Low throughput between vmWare hosts in vxlan topology - spurious retransmissions.
Got this weird case of low throughput between hosts. Seems to me, the problem starts when there are 3 outstanding packets in flight that are not full size. The receiver seems to acknowledge them first, then the rest of the packets. By that time the receiver has generated 3 duplicate ACK packets which triggers the sender re-transmit packets that were already acknowledged. Took a capture at both sides while running iperf. Throughput from A to B is low (around 1Gbps), B to A is ok. If we remove one leg of the port-channel on B side, throughput improves significantly. download packet captures
Have you ever tried to use the port-channel on B-side as an active-backup configuration instead of a load balancing configuration?
BTW you are facing real packet loss here, too!
Thanks Christian, we are not using active-standby port channels. Where do you see the packet loss? I see exactly the same number of sent and received packets at both sides:
yes you are right no loss, I was missled by my wireshark. -> Different story
But then I think you should try an active-standby setup as the out of order arrivals are slowing down your session. Or you can post the trace, where you disconnected one leg, so I can proof my assumption.
Captures with one of the port channel legs down.
It seems odd that in certain times the receiver only acks packets that are not full length size (and out of order) even though other packets arrived before that.
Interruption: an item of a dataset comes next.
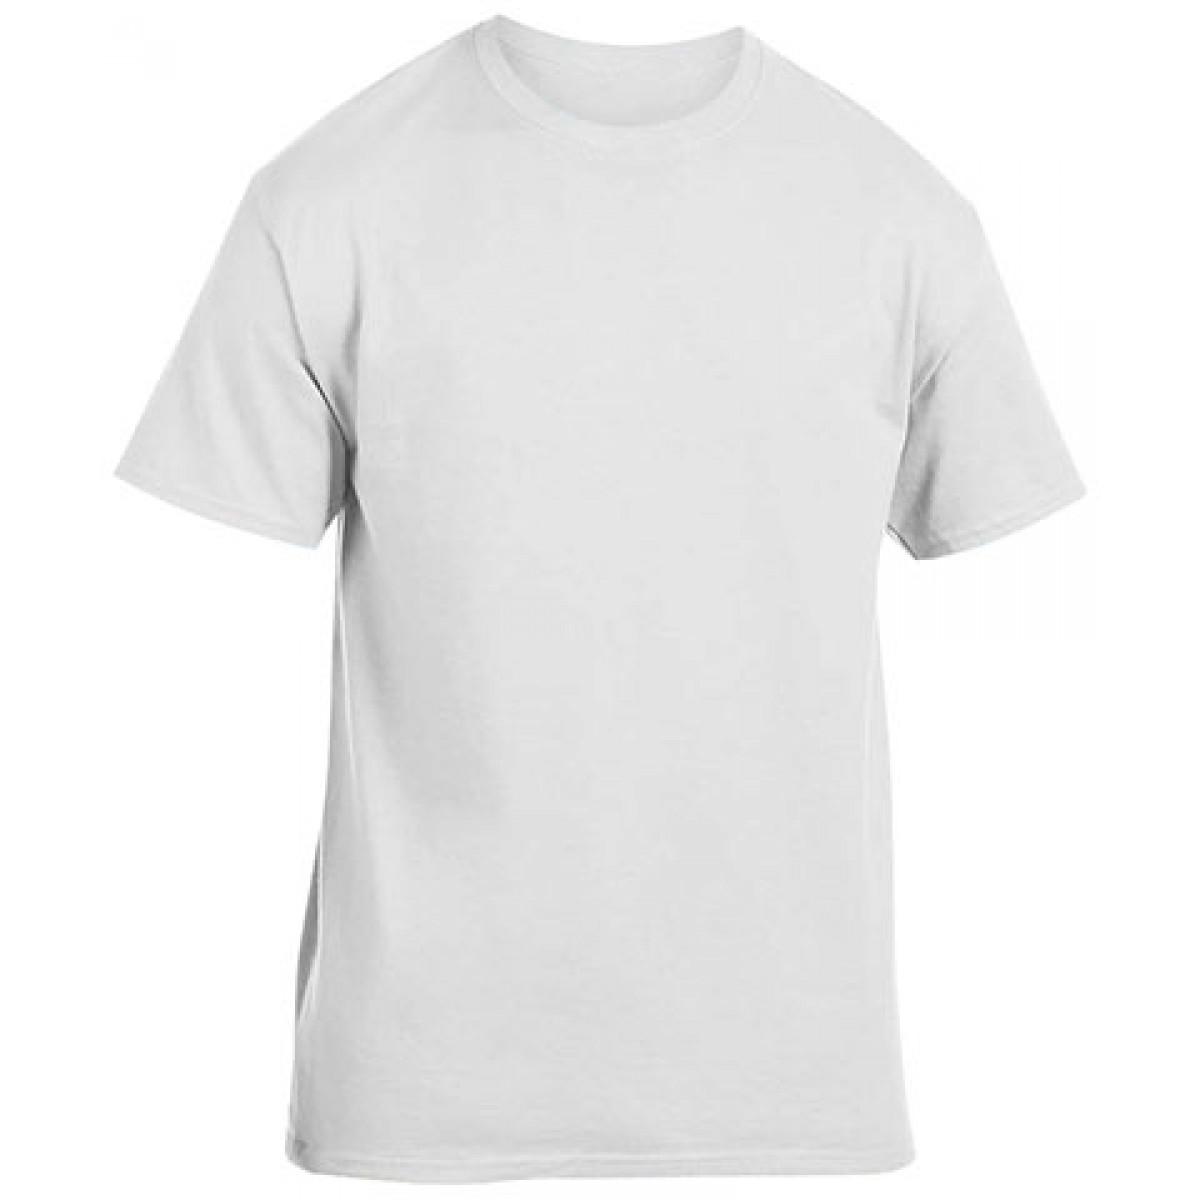 Heavy Cotton Activewear T-Shirt

Looks like some sort of buffering to me, for example packet # 68737 (dup ack #3) on the receiver side, the sack field is: SACK: 2996108614-2996109446 2996103990-2996104270 2996058358-2996059102, which are not full size.Then in the next 6 packets the receiver acknowledges the previously received full size packets, but by that time it is too late the sender received 3 dup acks and re-sends the "missing" segment, marked as spurious transmission in Wireshark.
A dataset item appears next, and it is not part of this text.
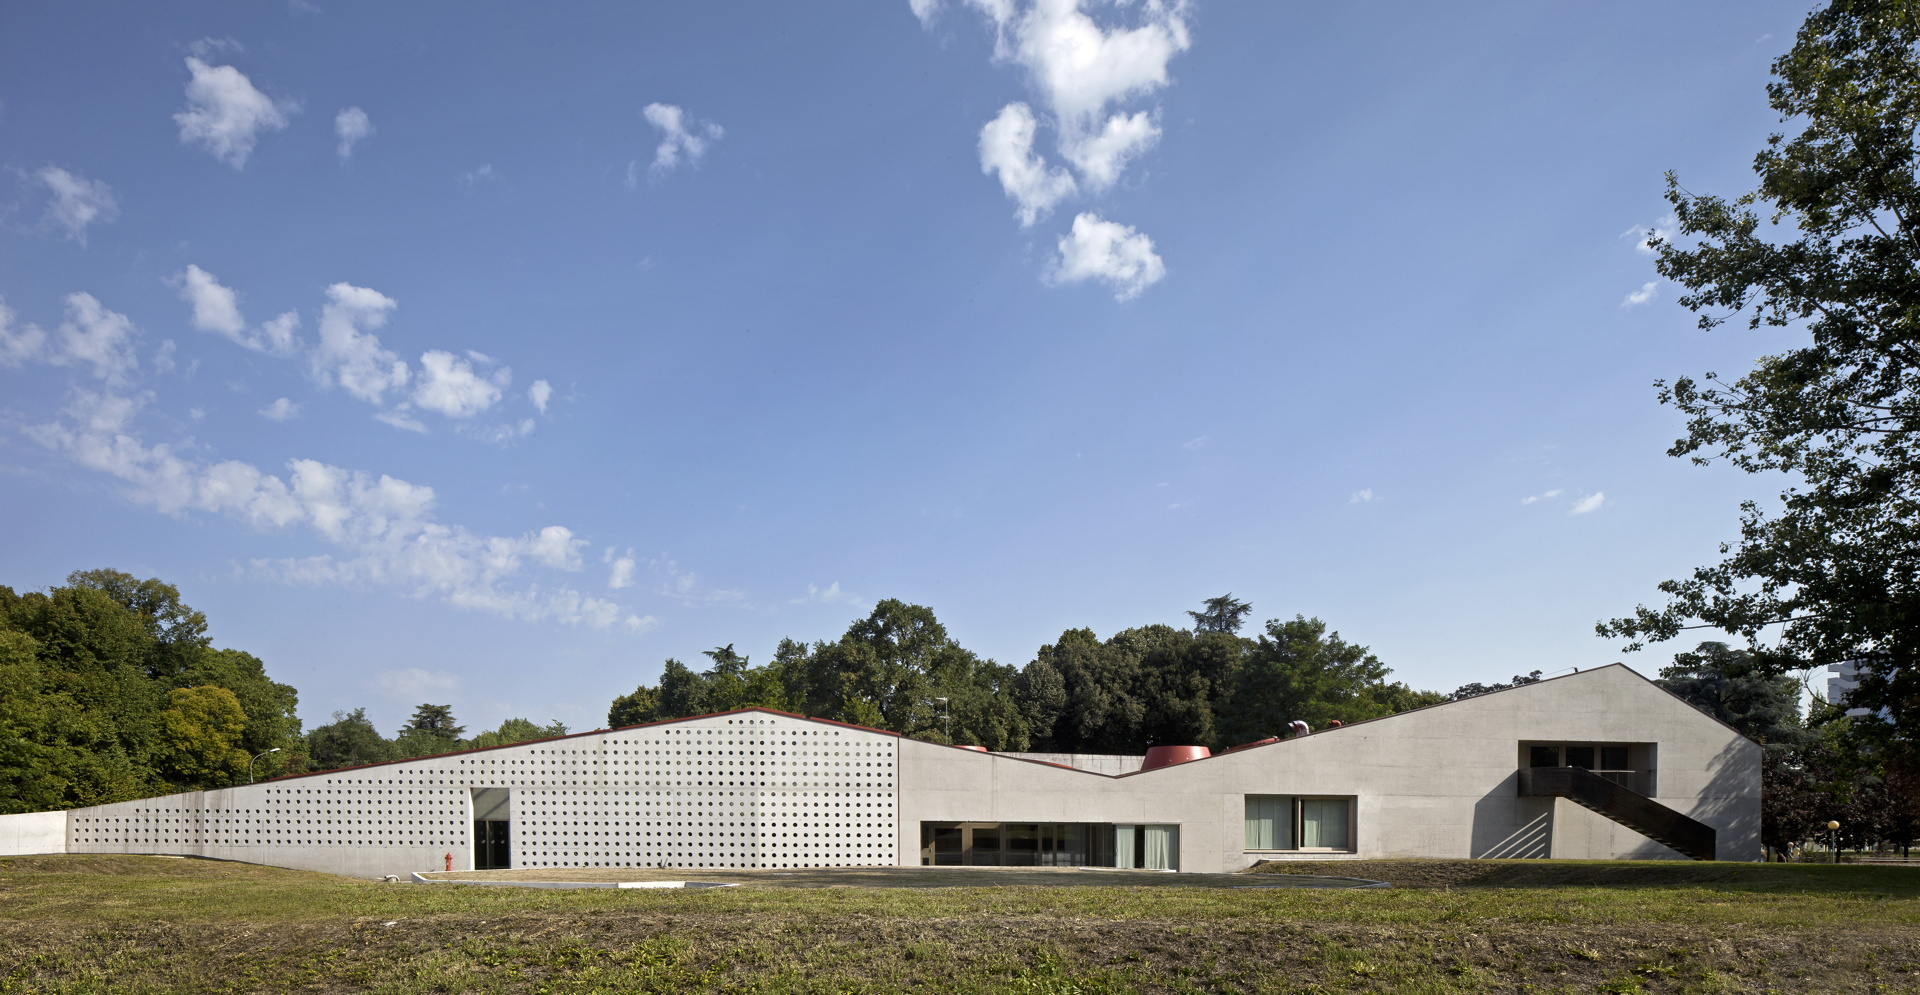 Davanzo Associati: Centro diurno Alzheimer a Castelfranco Veneto

That is what I meant. We some more findings in the trace. But I think the most significants are the retransmissions as they have direct impact to the throughput, because they refuces the senders transmit window
This is a very interesting case study. The underlying problem is that your servers begin to "misbehave" once throughput (packets per round trip) increases to certain levels. At first, the odd events are benign, but as load increases they become "catastrophic", causing the unnecessary retransmissions and everything that goes along with that.
There are repeating patterns within repeating patterns. The main trigger is that the packets get even more out-of-order after we have seen them in the supposedly "receiver side" trace and before they really get to the receiver. Small packets always overtake larger ones but at a certain point, 15 full sized packets are overtaken by a small one plus at least 2 large ones.
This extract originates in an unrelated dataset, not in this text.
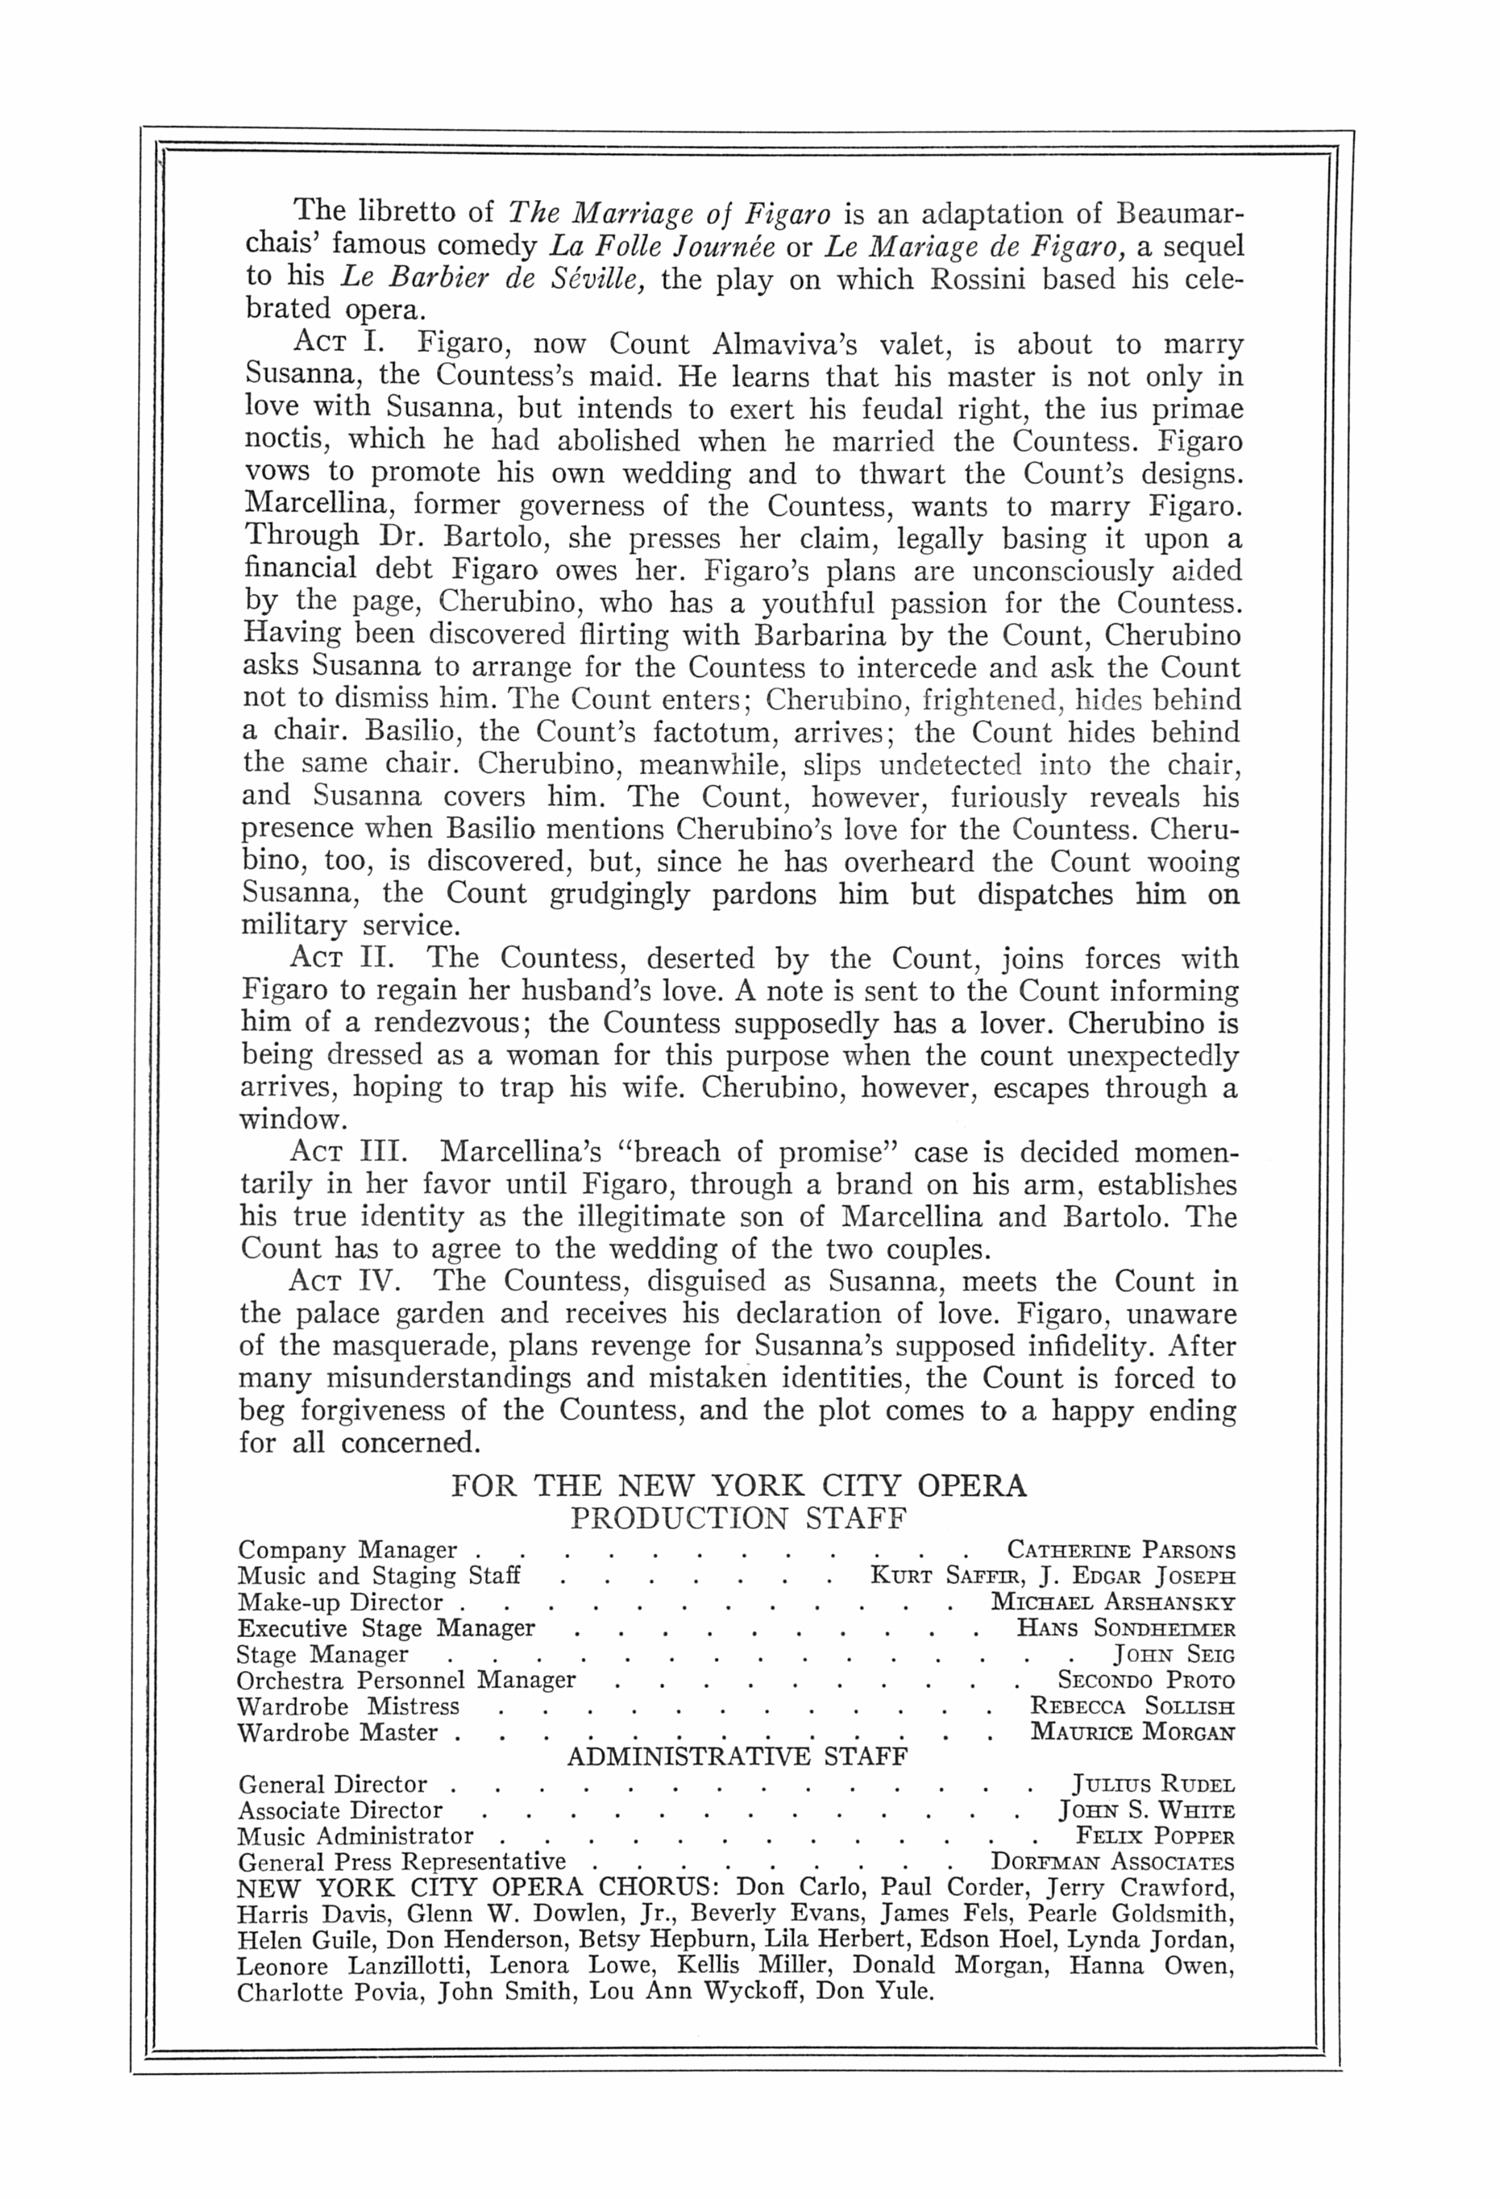 UMS Concert Program, November 17, 1962: New York City

This happens after point "4a" (where we just see the small one has already overtaken just one or two large ones) but before they subsequently arrive at the receiving server. This is evidenced by ...(more)
@naskop If you can’t see the email address in the profile it is creusch[at]crnetpackets.com
We setup monitor sessions on each switch. On the B side the 2 monitor sessions are fed into a packet broker. The captures I provided are during running iperf test on the vmware hypervisor. We also ran iperf on VMs runing on the hosts in question and I didn't see this behavior which leads me to think, the issue is with the TCP stack on the hypervisor.